Девственница в Париже
Шрифт:
— Ты хочешь сказать, что я не стою его? — спросила она. — Я тебе надоела? Есть другие мужчины, такие же богатые и влиятельные, но почему-то… — она замолчала.
— Ну, дальше, — начал настаивать лорд Харткорт, — почему-то — что?
— Почему-то они не заставляют мое сердце биться быстрее, — закончила Генриетта.
И опять она бросила на него призывный взгляд из-под ресниц. Он не отвечал, и Генриетта снова надулась. Она поднялась и подошла к туалетному столику. Каждое ее движение было исполнено грации. Ее тело было гибким и прекрасным, как у молодой тигрицы. Она стояла
Лорд Харткорт лежал на подушках и с циничным выражением наблюдал за ней. Потом он тихо проговорил:
— Твои методы, моя дорогая Генриетта, крайне примитивны. Ну ладно, можешь получить свое ожерелье.
— Могу?
Обиженное выражение исчезло. Какое-то время она стояла, протянув к нему руки, а затем бросилась к нему — сверкающая, полная жизни белокожая красавица в блеске изумрудов и огненном ореоле. Он почувствовал прикосновение ее мягких, шелковистых волос, ощутил ласку ее губ и рук.
— Ты замечателен. Спасибо большое! Я так счастлива, очень, очень счастлива!
Возвращаясь позже в посольство, лорд Харткорт думал о том, как легко доставлять удовольствие, когда дело касается только денег. Наверняка друзья назовут его расточительным и будут завидовать тому, что он обладает самой эффектной и самой известной в Париже дамой полусвета. Интересно, размышлял он, почему же при всем этом он чувствовал себя всегда немного угнетенным, когда уезжал от Генриетты. Она развлекала его, она была очаровательна, она обладала всеми необходимыми для любовницы качествами — она возбуждала и была непередаваемо привлекательна. Но почему же тогда, спрашивал себя лорд Харткорт, его не покидало ощущение, что чего-то не хватает? Чего-то, что обязательно должно было бы присутствовать в их отношениях.

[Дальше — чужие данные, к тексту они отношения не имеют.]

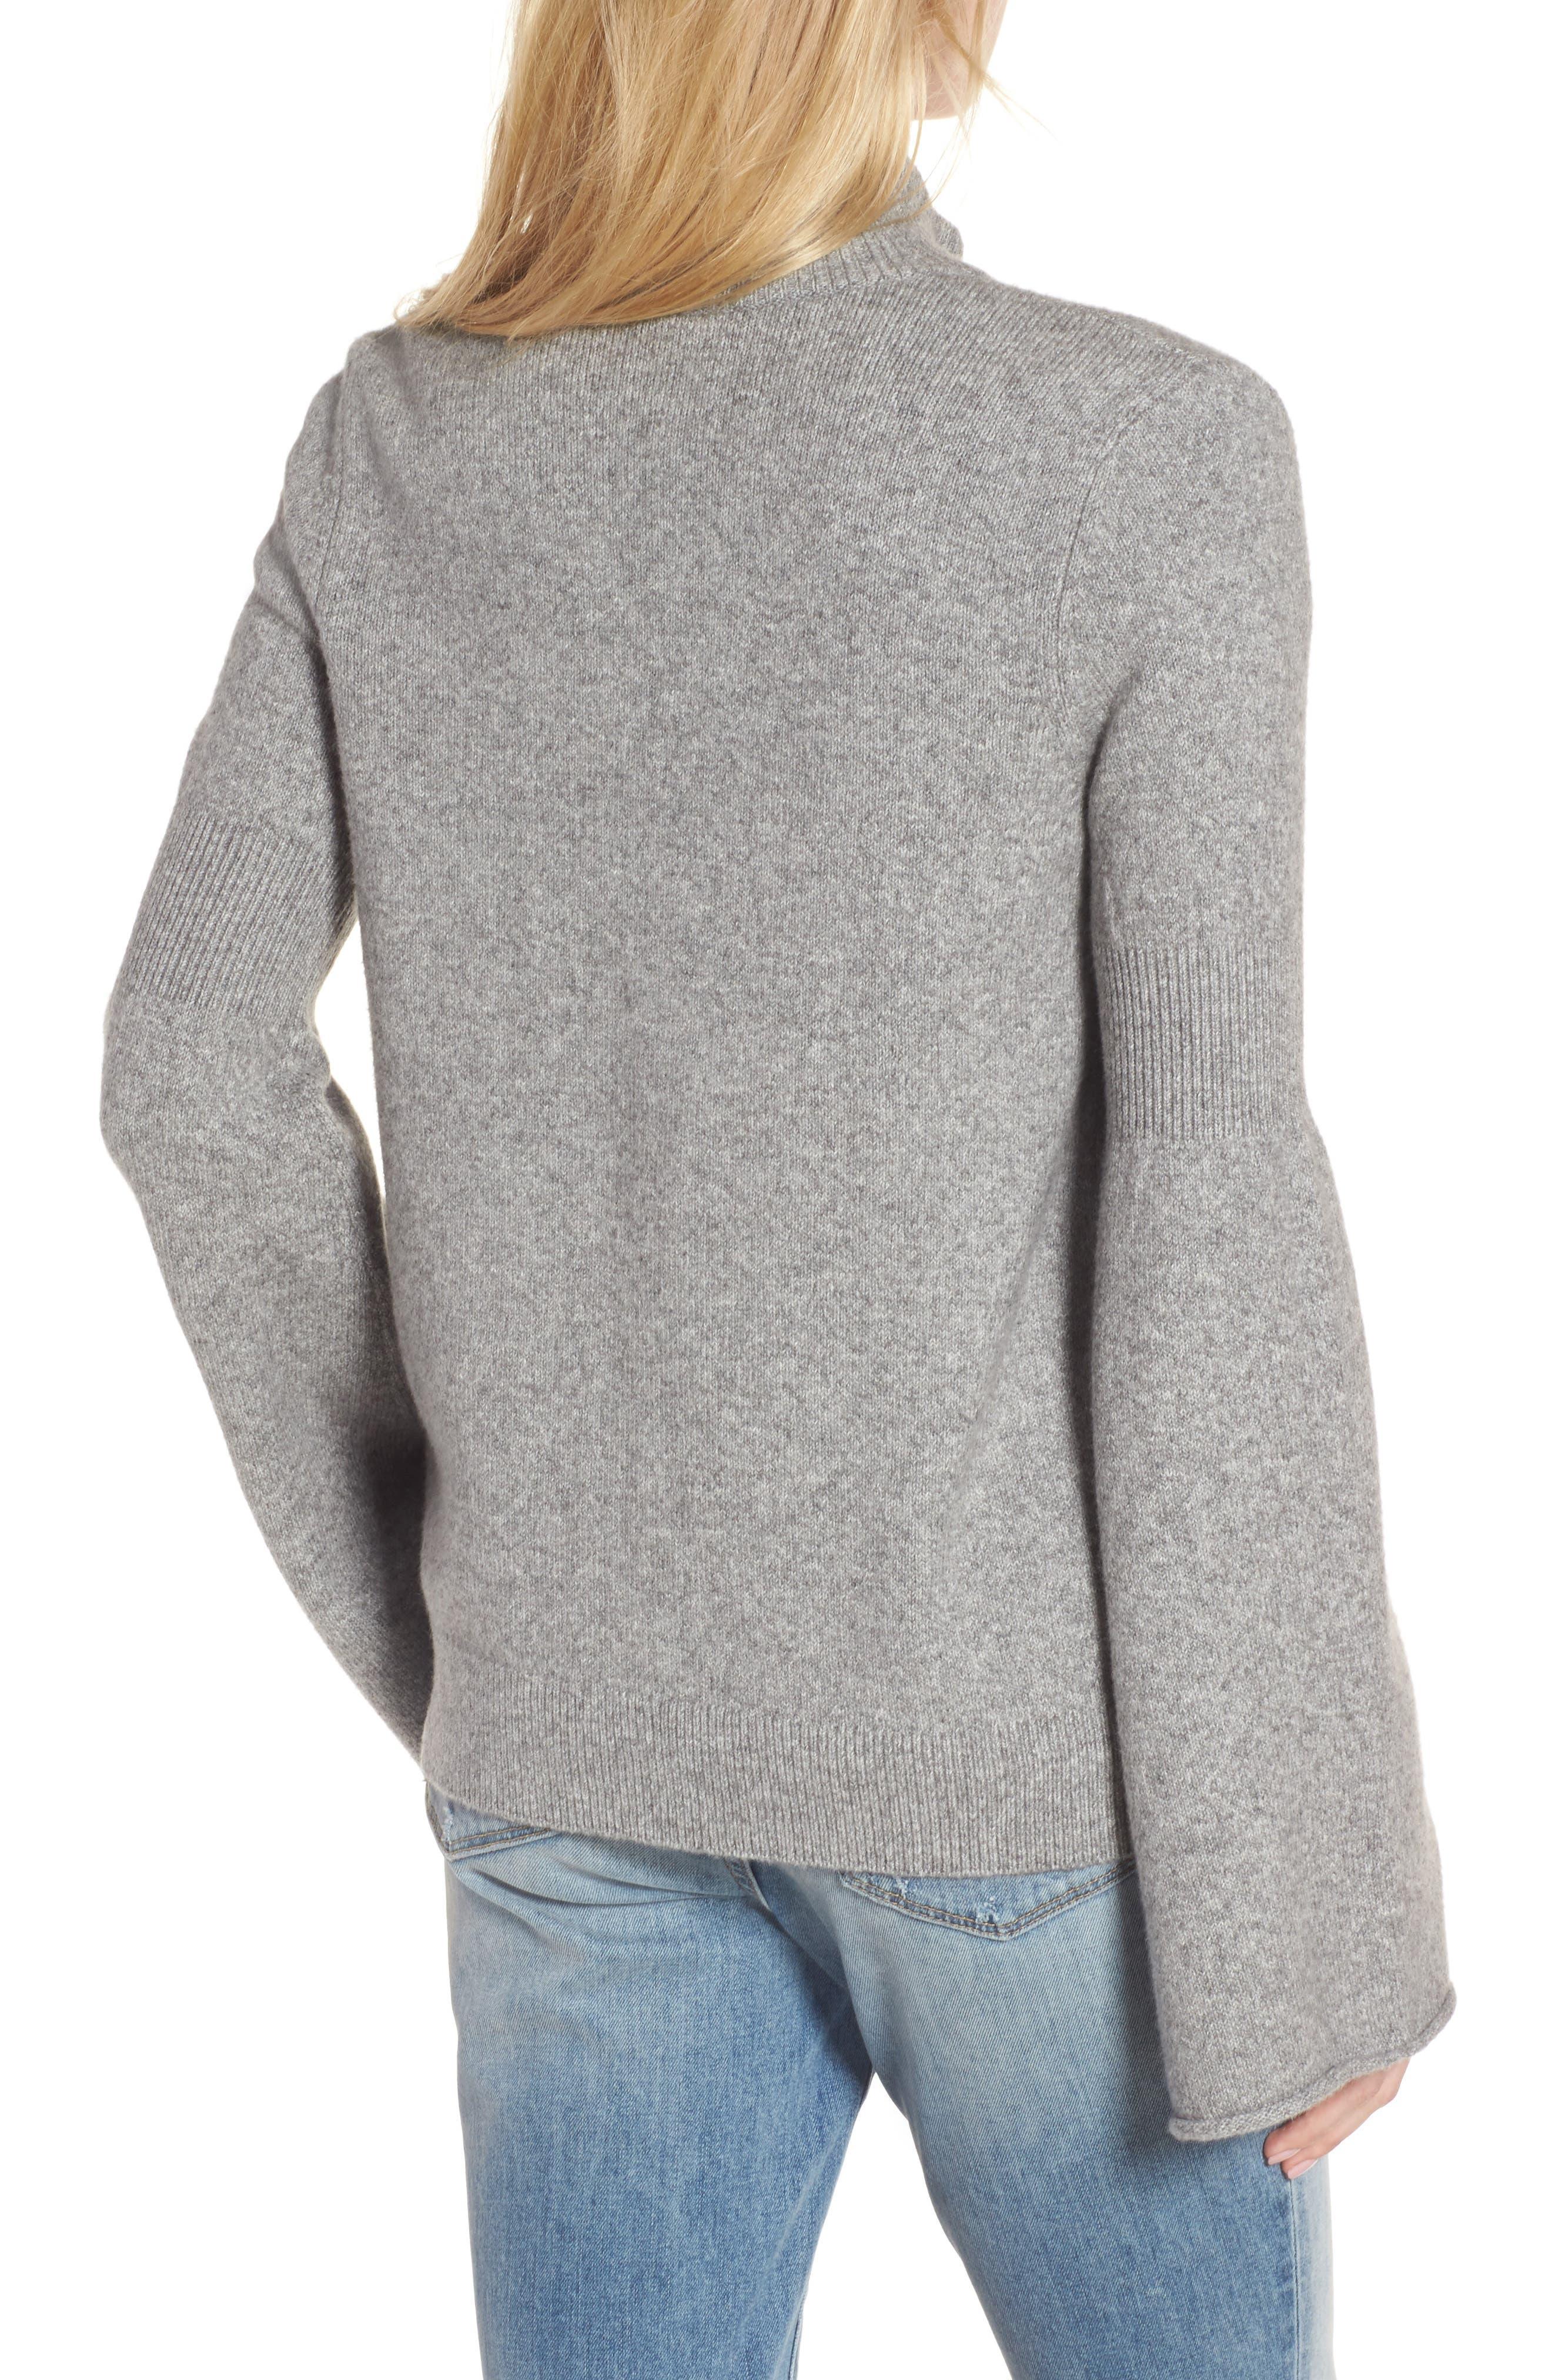 Flare Sleeve Track Jacket,                             Alternate thumbnail 2, color,                             Grey Heather

В его жизни было очень много женщин, но ни одна из них не была так хороша в постели, как Генриетта. Надо признать, в своем ремесле она достигла высот. Лорд Харткорт знал, что она была права, когда говорила, что другие мужчины горят желанием занять его место, если их связь закончится. Однако она вряд ли решится на разрыв: он дал ей прекрасный дом, машину, слуг, он оплачивал ее счета, выходившие за рамки тех сумм, которые любой другой мужчина рассчитывал истратить на свою любовницу, он же оплачивал их безропотно. Он также покупал ей изумительные украшения.
Дамы полусвета, как говорил Берти, становятся все более требовательными по отношению к тем, кому они дарят свою благосклонность. Но Генриетта, в отличие от других, по крайней мере проявляла благодарность, к тому же, несмотря на то, что ее запросы были чрезмерными, она предъявляла свои требования с таким искусством, что сделка не уязвляла его гордость. И в то же время лорд Харткорт понимал, что их отношения не приносят ему удовлетворения. Чего же он хотел, спрашивал он себя.

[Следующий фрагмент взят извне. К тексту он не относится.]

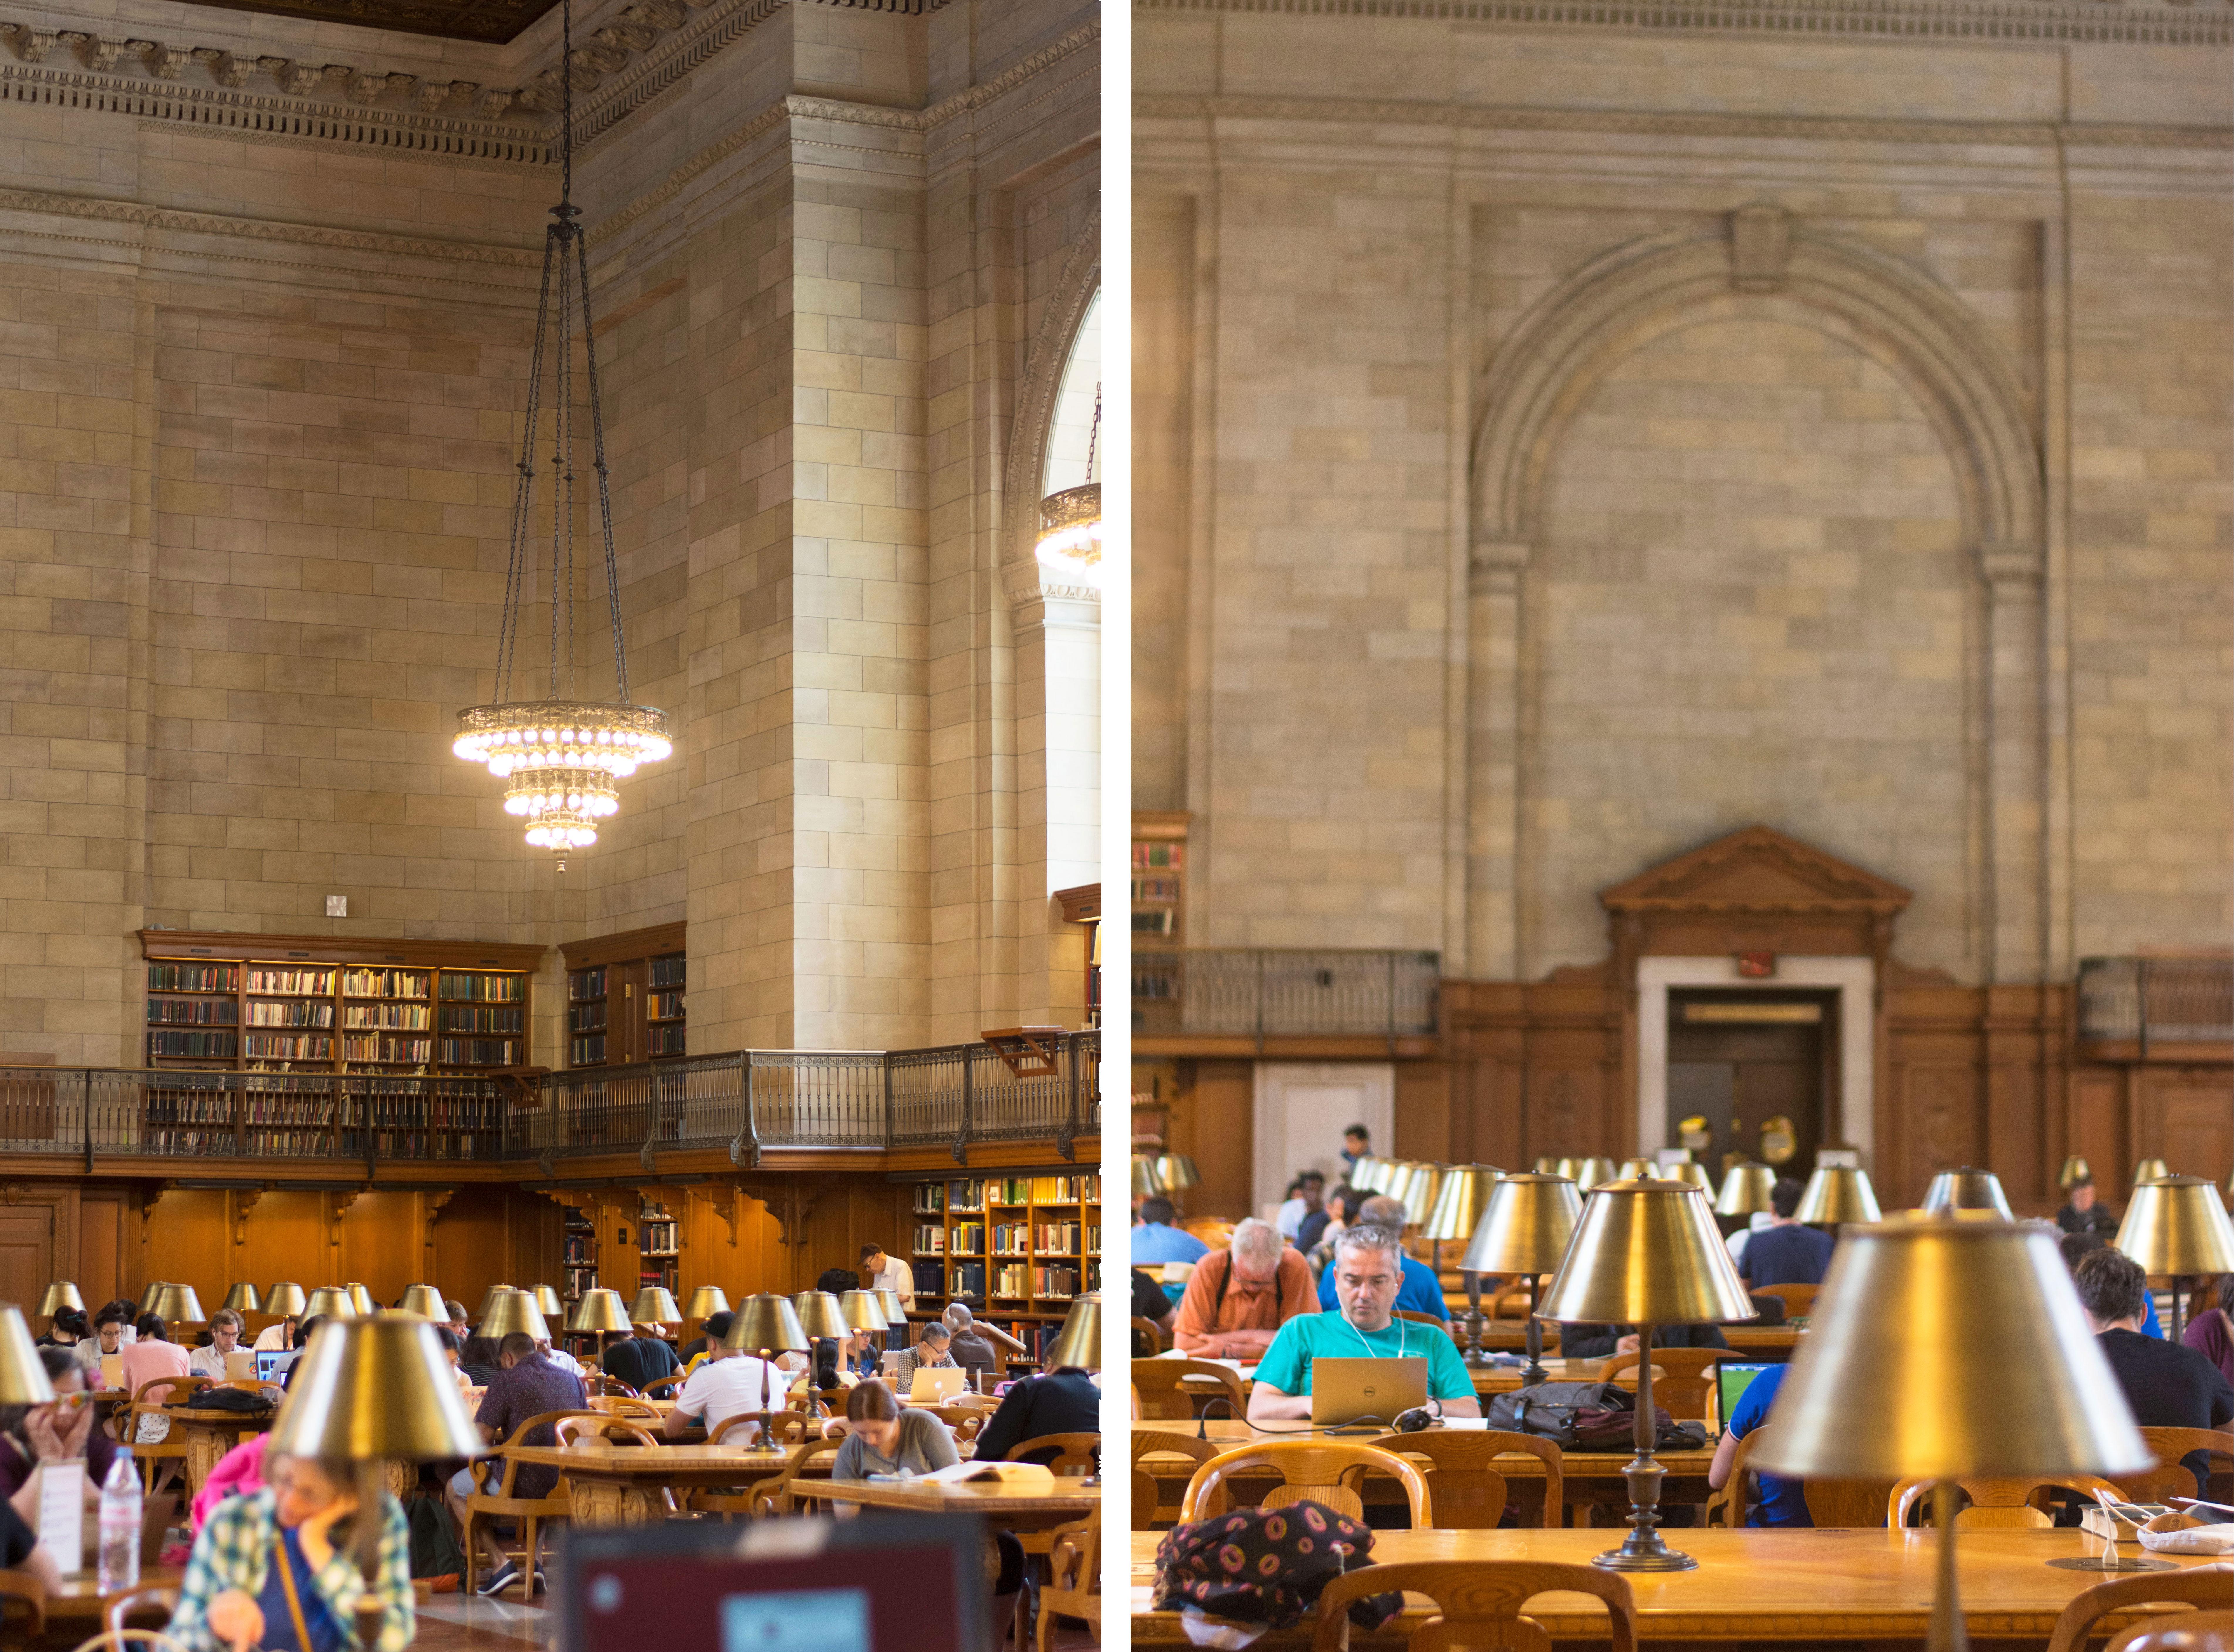 New York City Public Library

Машина выехала на Елисейские поля, и он принялся оценивающе разглядывать элегантную публику, все еще прогуливающуюся
«Чего я хочу?», — в сотый раз задавал он себе один и тот же вопрос. Он с большой неохотой пообещал Генриетте заехать за ней после ужина у посла и отвезти ее к «Максиму». Вечера у «Максима» по пятницам стали уже приедаться. Очарование и волнение, вызванные новизной ощущений, развеиваются, когда знаешь, что увидишь там те же лица, услышишь тот же смех, будешь есть те же блюда и смеяться тем же шуткам.
«Действительно, я слишком мрачно смотрю на вещи!» — сказал себе лорд Харткорт.
Он вылез из машины и направился к широким мраморным ступеням британского посольства.
— Господин Каннингэм ожидает вашу светлость, — сообщил ему дворецкий.
— Где он? — спросил лорд Харткорт.
— Господин Каннингэм поднялся в комнату вашей светлости.
— Прекрасно, — проговорил лорд Харткорт. — В котором часу ужин, Джарвис?
— В восемь, милорд. У вас еще ровно сорок минут.
— Спасибо, — поблагодарил его лорд Харткорт. — Надо сегодня надевать знаки отличия?
— Сегодня у нас ужинает султан Марокко, милорд. Я дал указания вашему камердинеру, какие регалии надеть.
— Спасибо, — сказал лорд Харткорт.
Разговор был совершенно ненужным, думал он, поднимаясь в свои комнаты. Его камердинер служил у него уже пять лет и редко ошибался.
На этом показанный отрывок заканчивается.